Don't settle for easy mediocre life:
Finding your own divinity
Sammy referred to this fable:
There is a Hindu legend about a time when all humans were gods, but they abused that divinity. They so abused it that Brahma, the chief god, decided to take it away from them and hide it where they would never find it again.
Where to hide it became the big question. The lesser gods were called into council to consider this question: “Where shall we hide humanity’s divinity?” The council said, “We will bury humanity’s divinity deep in the earth, but Brahma said, “No that will not do; one day they will dig down deep into the earth and will find it.”
Then they said, “We will sink their divinity into the deepest ocean.” Again Brahma replied, “No, not there, for they will learn to dive into the deepest waters, and search the ocean bed and find it.”

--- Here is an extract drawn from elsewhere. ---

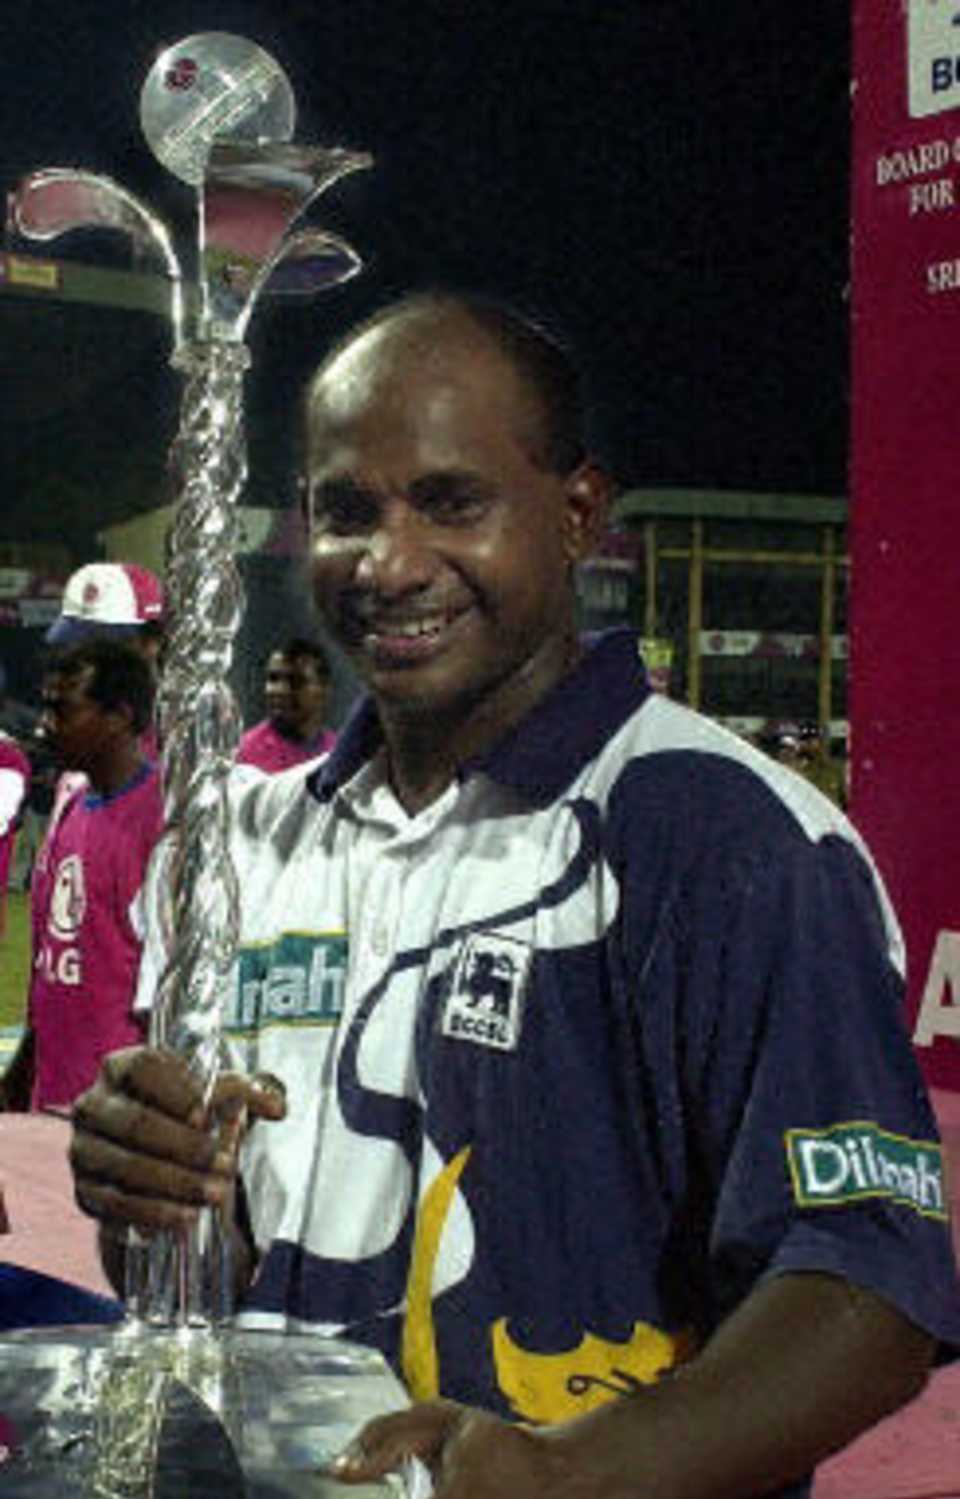 Sri Lankan skipper Sanath Jayasuriya holds the LG Abans trophy

Then the lesser gods said, “We will take it to the top of the highest mountain and hide it there.” But again Brahma replied, “No, for eventually humans will climb every high mountain on earth; they will be sure some day to find it and take it up again.”
Then the lesser gods gave up and concluded, “We do not know where to hide it, for it seems there is no place on the earth or in the sea that humans will not eventually reach.” Then Brahma said, “Here is what we will do with humanity’s divinity. “We will hide it deep down in humans themselves; they will never think to look for it there.”
Ever since then, the legend concludes, humans have been going to and fro throughout the earth, climbing, digging, diving, exploring, and searching for something already within themselves. The divinity within humanity is still the best-kept secret of the ages.
What advice would you give to your 20 year old self?
There is perfection in timing. I think you learn what your meant to learn at the time when you can absorb it. And listen to your heart. I know the answers to everything I need to do, if I just shut the fuck up.
What is your definition of hacking life?
I think our duty on this earth is to fall so in love with who you are and your life, so that that life force flows onto others. That’s what I want to do. I don’t want to make people fall in love with me, I want them to fall in love with themselves.